Intelligent left ventricle auxiliary system

Technical Field

The application relates to the technical field of medical equipment, in particular to an intelligent left ventricle auxiliary system.

Background

The ventricular assist system is a novel product, is different from the traditional ventricular assist device or the heart blood pump, is mainly used for supporting the heart of a patient in the operation process, has the main advantages that the operation of opening the chest is not needed, and is usually carried out by a minimally invasive mode such as puncturing or cutting the femoral artery and the like, so that the operation risk is greatly reduced. It can maintain vital signs of patients with severe heart failure, or assist heart function in high risk surgery, reducing surgery risk.

The existing support to the heart of the patient during the operation, the operator needs to monitor each item of data of the patient in real time during the operation and then let the equipment operator manually adjust the pumping blood volume, so that the operator can have delay and error risks for transmitting the information to the equipment operator after observing the information, meanwhile, the existing monitoring is to adjust the pumping blood volume based on the difference value of the blood pressure, the blood oxygen content and the corresponding standard value, the pumping blood volume is not accurately adjusted by only using the difference value as the standard, and the influence of the adjusting amplitude of the pumping blood volume on the patient is not paid attention to.

Disclosure of Invention

In order to solve the technical problems, the application aims to provide an intelligent left ventricle auxiliary system, which adopts the following technical scheme:

one embodiment of the present application provides an intelligent left ventricular assist system: the system comprises a data detection module, a monitoring module and a blood pumping adjustment module;

the data detection module is used for collecting blood pressure monitoring data and blood oxygen monitoring data of a patient during operation; feeding back the blood pressure monitoring data and the blood oxygen monitoring data to a monitoring module;

the monitoring module is used for respectively analyzing the blood pressure monitoring data and the blood oxygen monitoring data to obtain trend contrast indexes and stability indexes corresponding to each monitoring data;

the blood pumping regulating module is used for acquiring regulating indexes corresponding to the two monitoring data respectively according to trend contrast indexes and stability indexes corresponding to the blood pressure monitoring data and the blood oxygen monitoring data respectively; and regulating the blood pumping volume by utilizing the regulating indexes respectively corresponding to the blood pressure monitoring data and the blood oxygen monitoring data.

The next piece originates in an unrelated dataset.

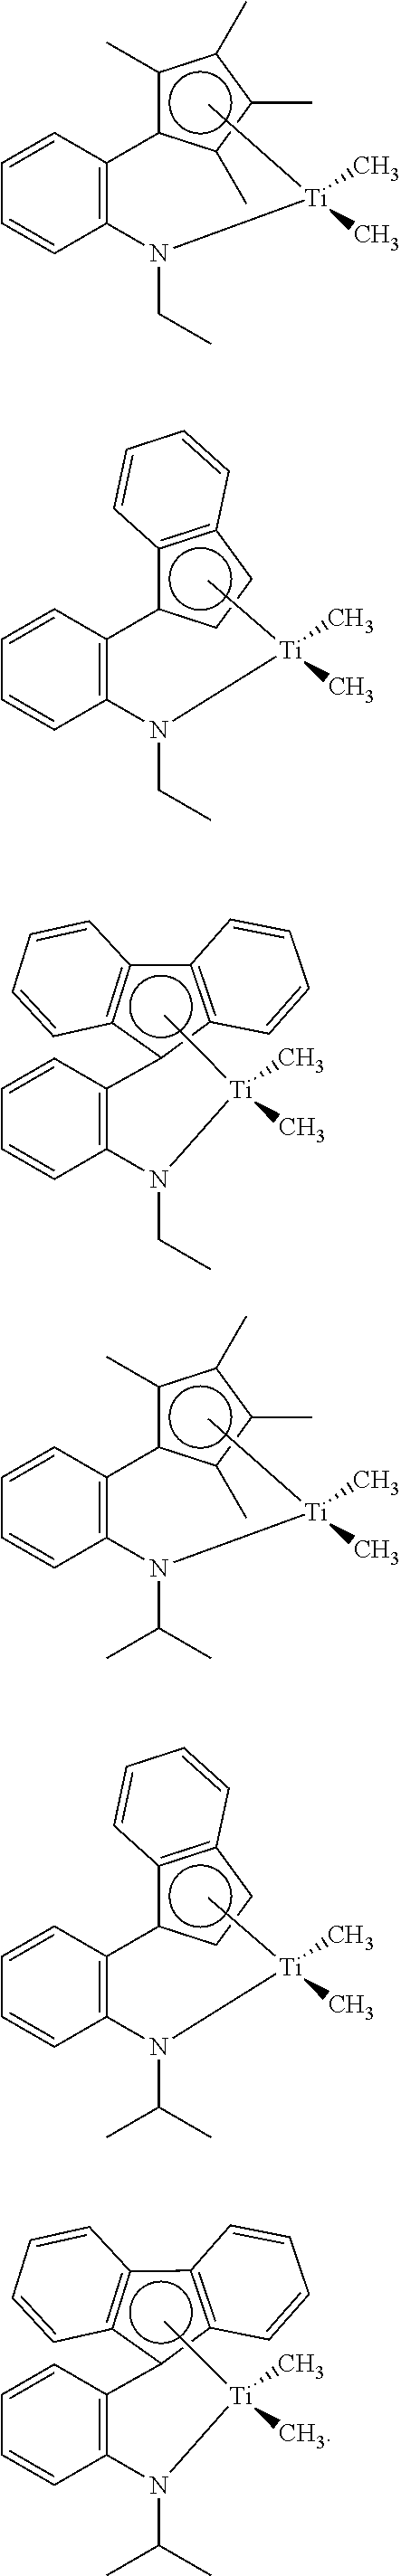 Figure US07932207-20110426-C00042

Preferably, the method for acquiring blood pressure monitoring data and blood oxygen monitoring data of a patient during surgery comprises:

setting a preset duration, and collecting blood pressure monitoring data and blood oxygen monitoring data according to a time sequence, wherein the sampling frequency is a preset frequency; and the collection end time of each monitoring data is the current time, and the collection duration is the preset duration.

Preferably, before the trend contrast index and the stability index corresponding to each monitoring data are obtained, the method further comprises:

acquiring blood pressure historical monitoring data and blood oxygen historical monitoring data respectively corresponding to the blood pressure monitoring data and the blood oxygen monitoring data according to preset time length; the blood pressure history monitoring data and the blood oxygen history monitoring data are data collected by a patient before operation.

Preferably, the obtaining a trend contrast index corresponding to each monitoring data includes:

and calculating the pearson correlation coefficient of any monitoring data and the corresponding historical monitoring data, and normalizing to obtain trend comparison indexes respectively corresponding to the blood pressure monitoring data and the blood oxygen monitoring data.

Preferably, the stability index comprises:

and calculating the range and variance of any monitoring data, solving the sum of the range and the variance, and normalizing to obtain the stability index corresponding to the blood pressure monitoring data and the blood oxygen monitoring data respectively.

Preferably, the calculation formula of the adjustment index is:

wherein TJ _i Representing an adjustment index corresponding to the ith monitoring data; q (Q) _i Representing trend contrast indexes corresponding to the ith monitoring data; w (W) _i Representing a stability index corresponding to the ith monitoring data; alpha and beta are weight coefficients respectively, and alpha is smaller than beta; exp []An exponential function based on a natural constant e is represented.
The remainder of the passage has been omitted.